Once the opcode (and arguments if appropriate) are loaded, then the instruction can be executed. Essentially, each instruction has its own state machine and control path, which is linked to the IR and a sequencer that defines all the control signals required to move the data correctly around the memory and registers for that instruction. We will discuss registers in the next section, but in addition to the PC, IR and accumulator (ACC) mentioned already, we require two memory registers as a minimum, the MDR and MAR.

For example, consider the simple command LOAD a, from the previous example. What is required to actually execute this instruction? First, the opcode is decoded and this defines that the command is a ‘LOAD’ command. The next stage is to identify the address. As the command has not used the # symbol to denote an absolute address, this is stored in the variable a. The next stage, therefore is to load the value in location a into the MDR, by setting MAR = a and then retrieving the value of a from the RAM. This value is then transferred to the accumulator (ACC).

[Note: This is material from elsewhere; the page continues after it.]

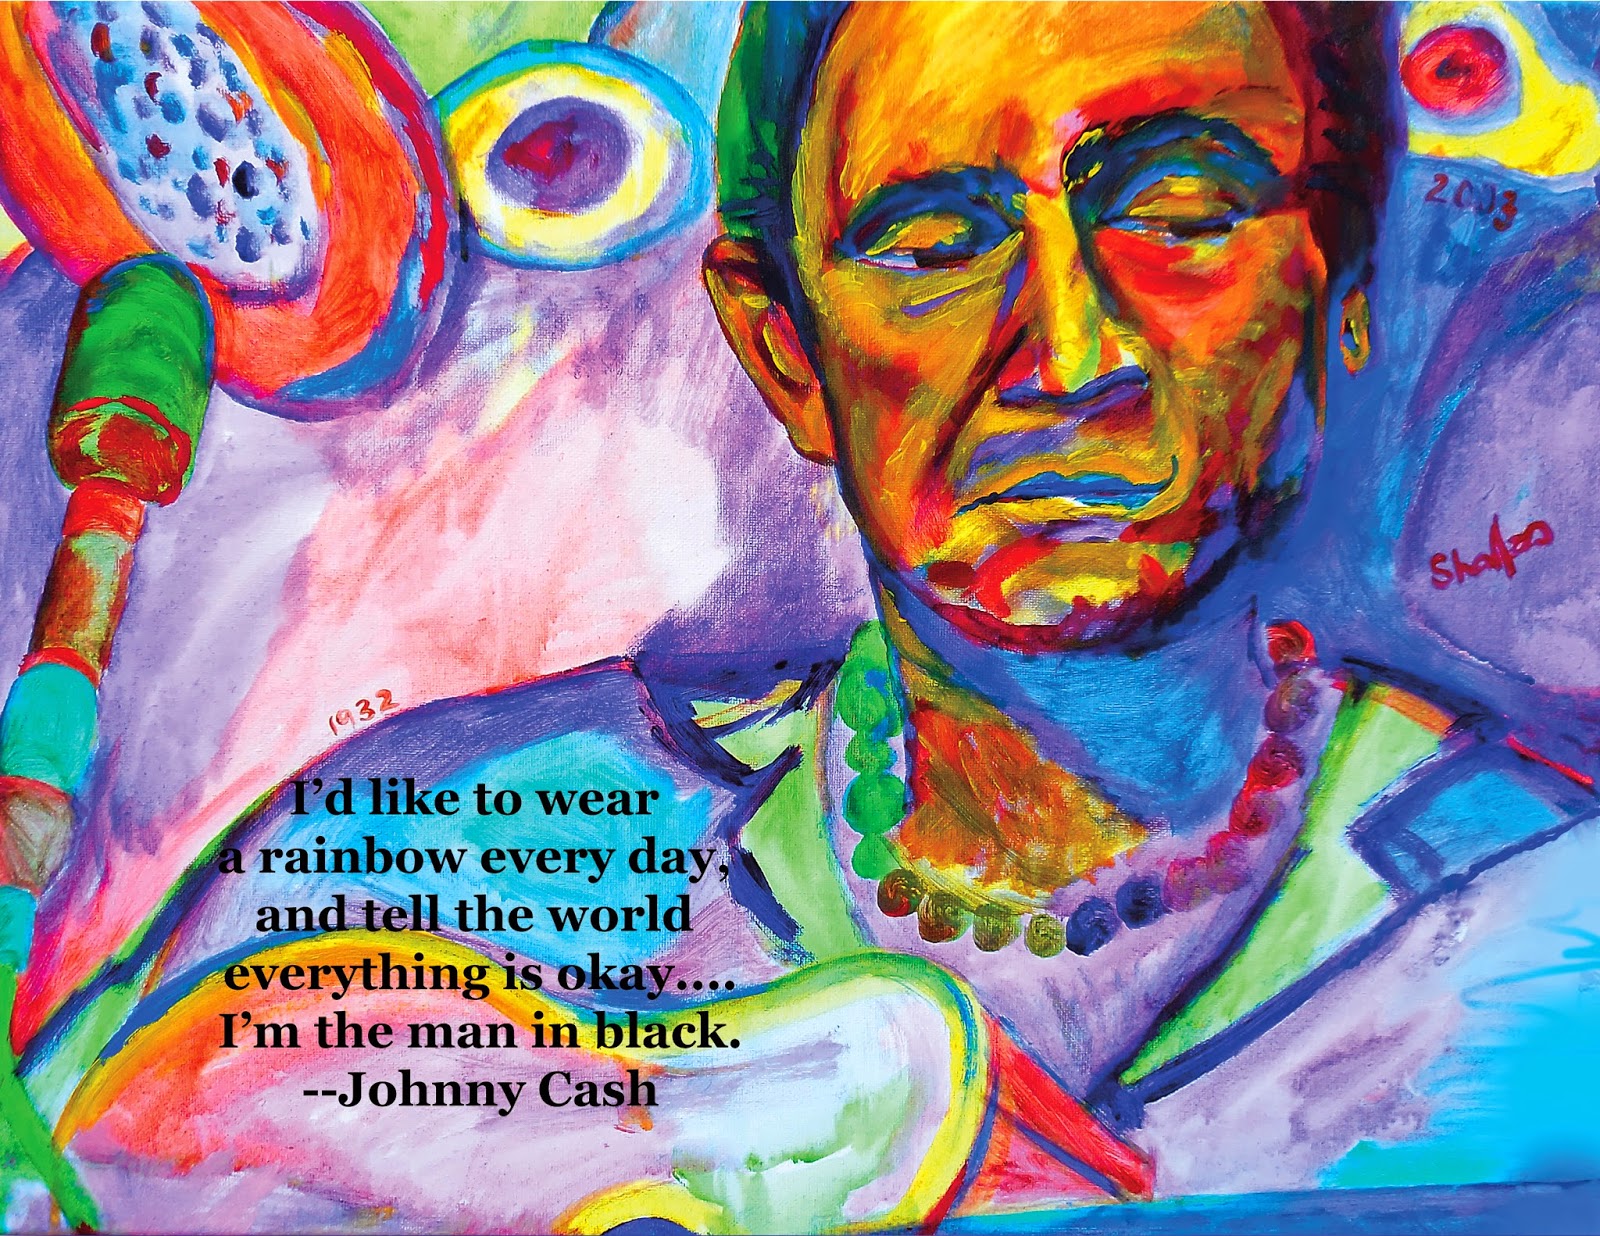 http://fineartamerica.com/featured/original-celebrity-painting-johnny-cash-by-shalla-the-artist-24x18-shalla-theartist.html?fb_ref=Default

31.2.4 Embedded Processor Register Allocation

The design of the registers partly depends on whether we wish to “clone” a PIC device or create a modified version that has more custom behavior. In either case there are some mandatory registers that must be defined as part of the design. We can assume that we need an accumulator (ACC), a program pounter (PC), and the three input/output ports (PORTA, PORTB, PORTC). Also, we can define the IR, MAR, and MDR.

In addition to the data for the ports, we need to have a definition of the port direction and this requires three more registers for managing the tristate buffers into the data bus to and from the ports (DIRA, DIRB, DIRC). In addition to this, we can define a number (essentially arbitrary) of registers for general-purpose usage. In the general case the naming, order and numbering of registers does not matter, however, if we intend to use a specific device as a template, and perhaps use the same bit code, then it is vital that the registers are configured in exactly the same way as the original device and in the same order.

In this example, we do not have a base device to worry about, and so we can define the general-purpose registers (24 in all) with the names REG0 to REG23. In conjunction with the general-purpose registers, we need to have a small decoder to select the correct register and put the contents onto the data bus (F).

31.2.5 A Basic Instruction Set

In order for the device to operate as a processor, we must define some basic instructions in the form of an instruction set. For this simple example we can define some very basic instructions that will carry out basic program elements, ALU functions, memory functions. These are summarized in Table 31.1.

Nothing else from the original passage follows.